On a local level though, smaller cities away from the coasts such as Boise, Idaho, are primed to see more explosive home price growth in 2020 as people look to buy homes in more affordable parts of the country and leave the pricy markets in states like California and New York.
What they’re saying: “The decline in mortgage rates, down about one percentage point for fixed-rate loans from one year ago, has supported a rise in sales activity and home prices,” CoreLogic CLGX, +0.25% chief economist Frank Nothaft.
“The moderately rising home prices of late 2019 suggest the economy is approaching a point where prices are beneficial for both buyers and sellers.
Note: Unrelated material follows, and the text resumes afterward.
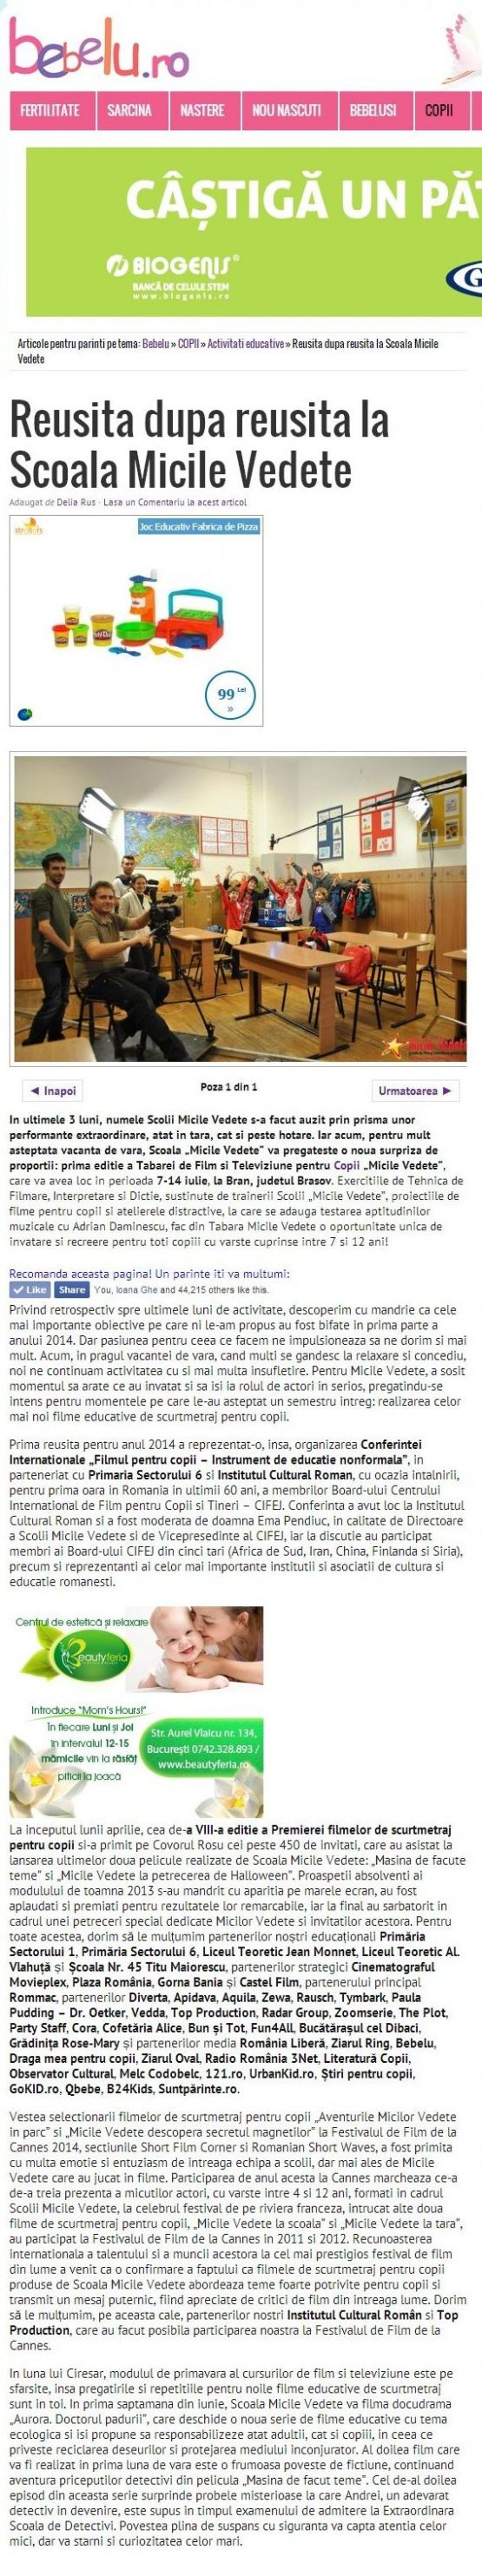 Articol Bebelu.ro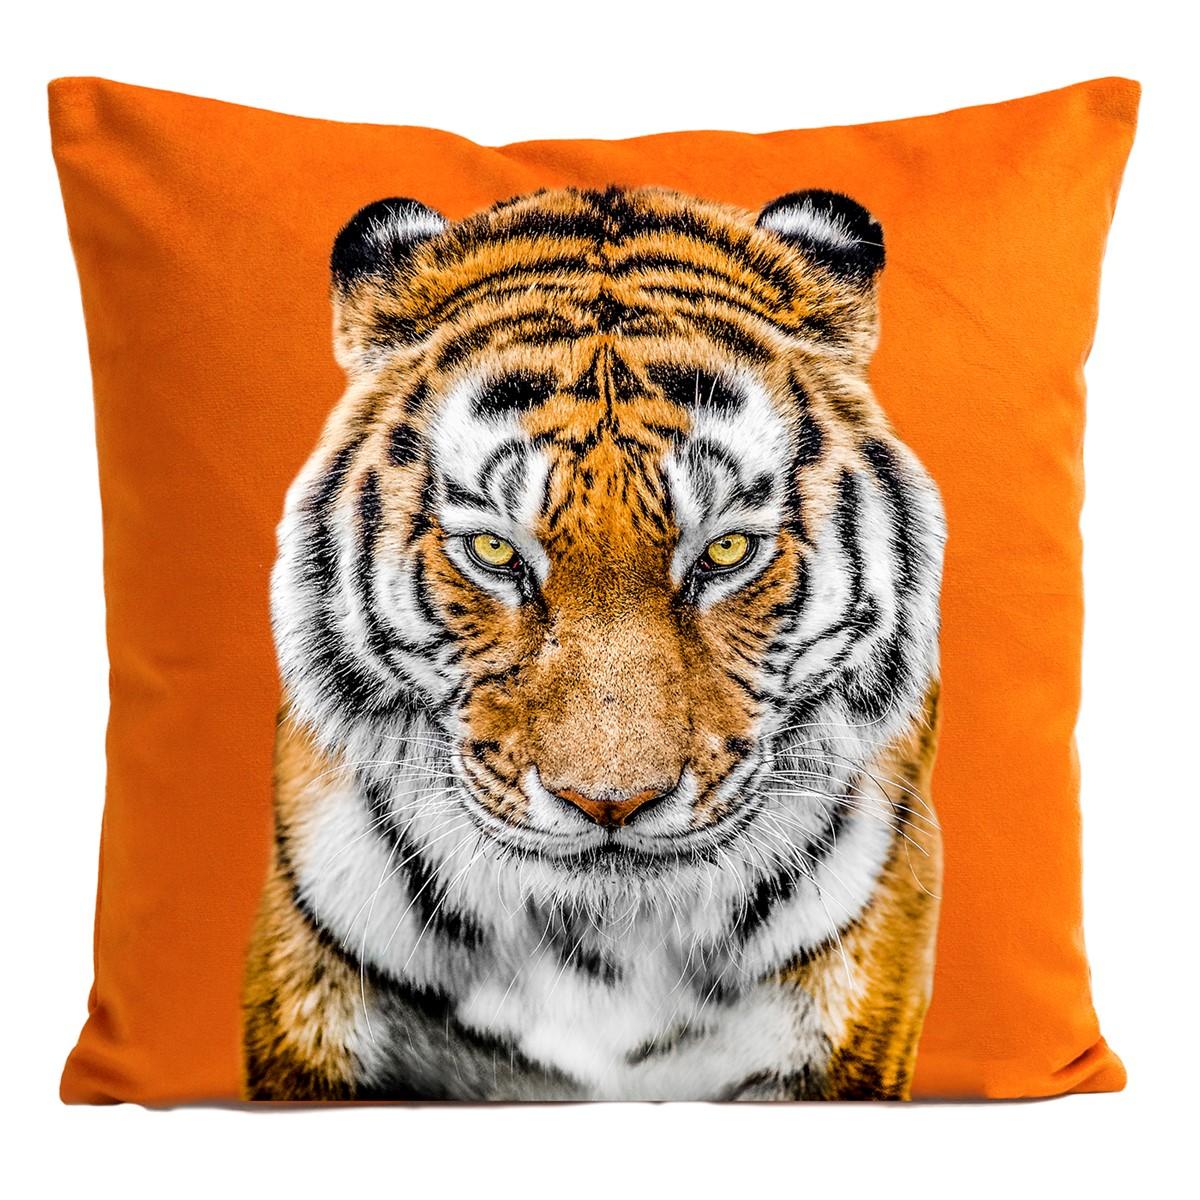 Coussin velours carré imprimé animaux orange vif 60x60

However, the strain of low inventories at most price points suggests prices will continue to rise into the foreseeable future,” said Bill Banfield, executive vice president of capital markets at Quicken Loans.
Market reaction: The Dow Jones Industrial Average DJIA, -0.07% and S&P 500 SPX, -0.02% both moved slightly lower in Tuesday morning trades as 2019 draws to a close. The 10-year Treasury yield TMUBMUSD10Y, +2.15%, however, rose slightly as reports emerged that Chinese trade negotiators were expected to visit Washington this weekend to sign the phase-one trade deal.